The Royal Challengers Bangalore lost an IPL match they should have won. Well, what’s new? The margin of defeat against the Chennai Super Kings was only eight runs. Now, that gives the impression of an intensely fought contest. It was. But the wheels came off after skipper Faf du Plessis was dismissed.
M. Chinnaswamy Stadium is RCB’s home ground. It’s their backyard, where they should be calling the shots. Instead, it was the CSK who called the shots on Monday. The Bangalore stadium has never been a happy hunting ground for the RCB, who have lost more than 50 per cent of the IPL games at the venue. The loss to Chennai was an addition to that sickening piece of statistic for RCB supporters.
The RCB have lost three of their five matches. That isn’t a surprise to me since my pre-tournament assessment of the team was hardly encouraging. I was confident they didn’t have the team to make the playoffs. As an RCB supporter, I was hoping that Josh Hazlewood would recover from his injury soon and that the return of Wanindu Hasaranga would beef up the attack. Hazlewood hasn’t returned, Hasaranga hasn’t found his lengths and RCB misery continues.
How CSK get huge support in Bengaluru
Karnataka and Tamil Nadu are neighbouring states in southern India. The capital cities, Bengaluru and Chennai, are around 350 away from each other. The WhistlePodu (Blow the whistle) army of CSK fans must have boarded the trains and packed the Chinnaswamy Stadium. And Bengaluru is home to a sizeable Tamil population. Not just that. The CSK appeal stretches beyond Tamil Nadu.
So the Chennai players would have felt like playing at the M.A. Chidambaram Stadium. RCB 12the Man Army of fans were out in force, but they were equalled or outnumbered by the WhitlePodu brigade. Or so it seemed on television.
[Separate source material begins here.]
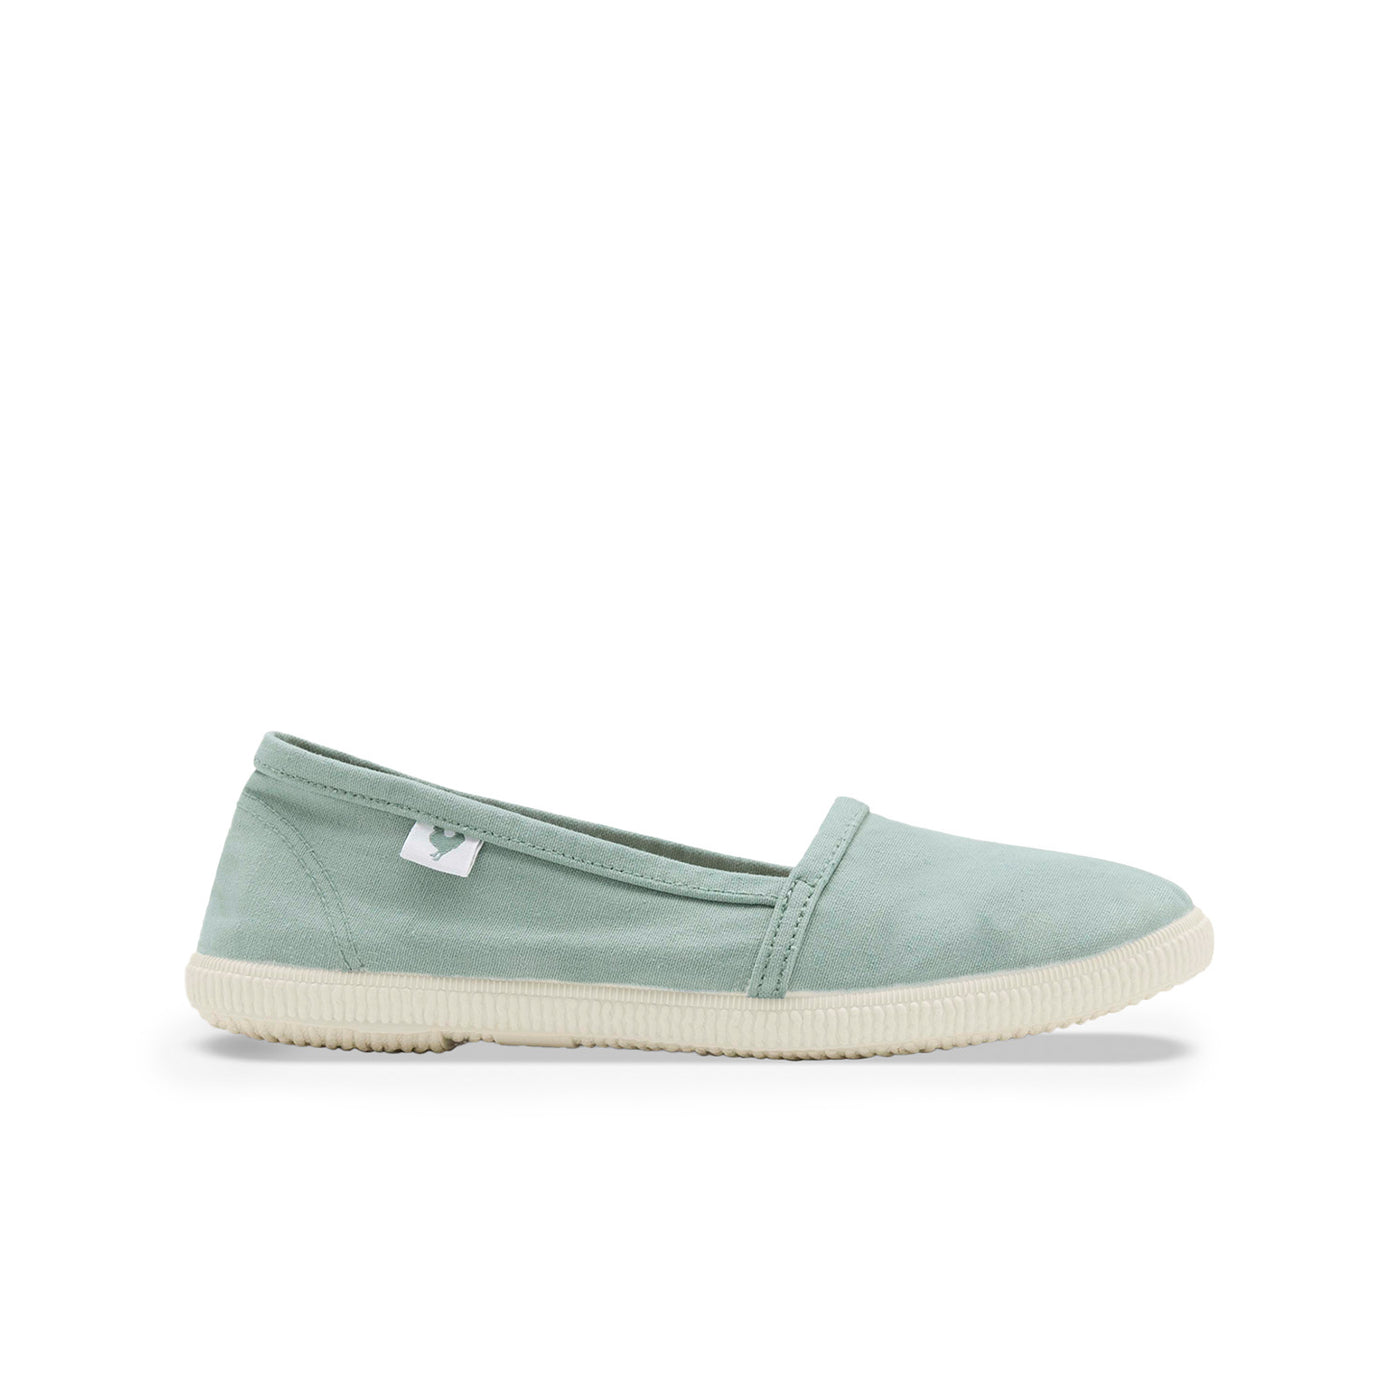 Original Pitas Beach Shoes in Med Green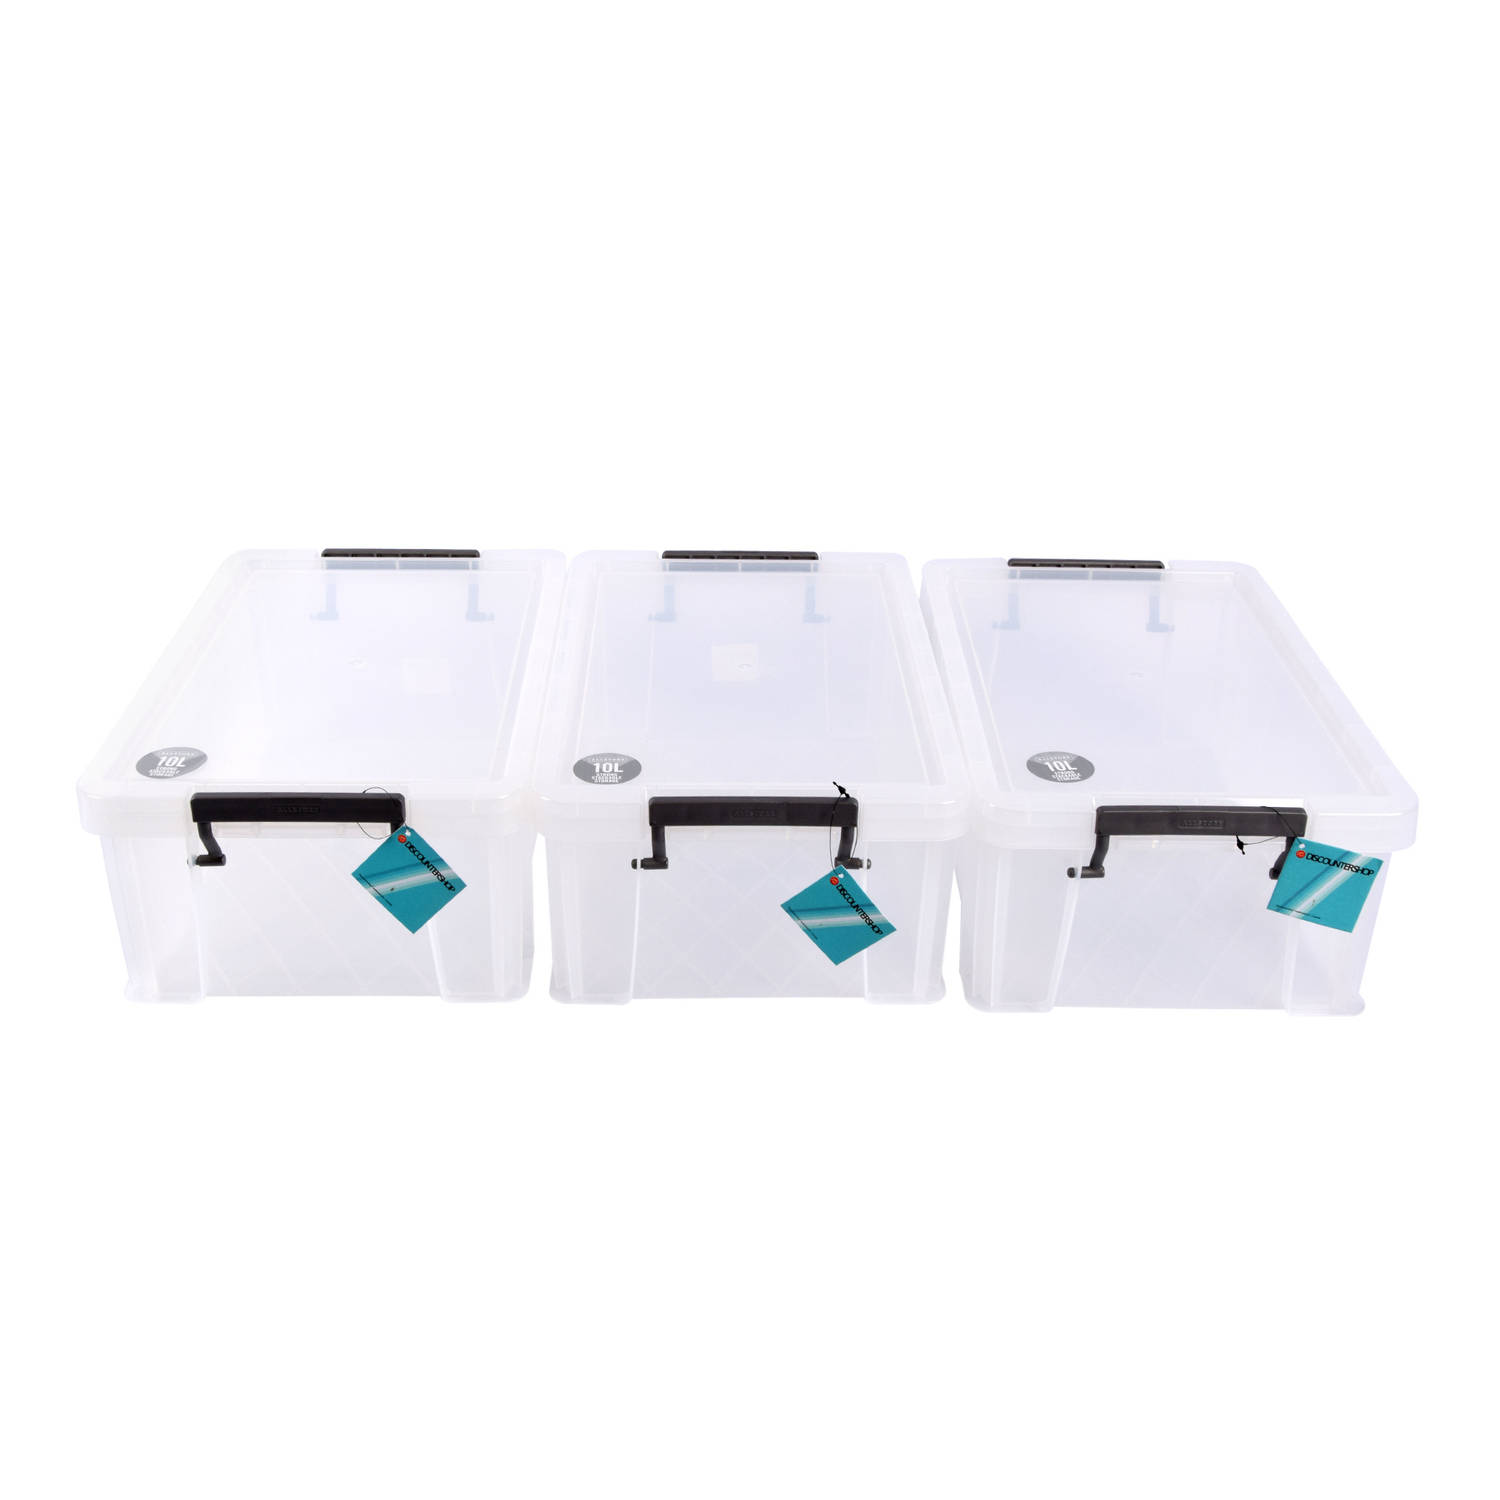 Opbergboxen Set van 3 - Kunststof Opslagboxen met Deksel Transparant - Wit - 39.5cm x 25.5cm x 15cm - Klikdeksel - 10L Capaciteit per Stuk

The loudest cheer in the stadium went up when RCB’s talisman Virat Kohli was dismissed. I was left wondering whether it was Bengaluru or Chepauk. That told me the intensity of CSK’s support.
To RCB’s credit, they didn’t it distract them. Du Plessis and Glenn Maxwell kept them in the hunt with incredible power-hitting, and the chants of R-C-B, R-C-B, R-C-B only grew louder. After they holed out in the deep, there was no fight left in Bangalore. The finisher Dinesh Karthik doesn’t seem to finish games any more. His woeful run from the T20 World Cup continued.
Middle-order batting is where the RCB lost the game. There was no one to carry the momentum after the departure of Maxwell and Du Plessis. Contrast it with the chase of the Rajasthan Royals on Sunday. From 66/4, skipper Sanju Samson powered their revival, and Shimron Hetmyer took over after his exit. And every batman that followed, including Dhruv Jurel and Ravichandran Ashwin, weighed in. For RCB, the bottom fell off when Du Plessis was dismissed.
Is DK the finisher finished?
The truth is Bangalore don’t have good quality finishers. Karthik seemed past his best, and RCB need to buy players like Marcus Stoinis, Nicholas Pooran, Hetmyer, Liam Livingstone or Tim David, who can bring quick runs in the slog overs. A top-quality finisher would have made the difference on Monday, as RCB had the chase under control despite a target of 227.
Yes, they conceded far too many runs. The Bengaluru pitch has always been a bowler’s graveyard, and the short boundaries make it worse. Yet, Mohammed Siraj turned in a decent spell, The rest, including Hasaranga, fell away.
Slog overs as always leaked runs. Harshal Patel, the death-over specialist, continued his wayward ways this season. Yet the batters hauled the RCB into the game, despite the early loss of Kohli.
Du Plessis, Maxwell and Kohli have been doing most of the scoring for the RCB, who badly seemed to miss the injured Rajat Patidar. Much of the runs this season stemmed from the blades of this trio. When they fail, Bangalore collapse. There’s no lower middle order. That’s RCB’s Achilles heel.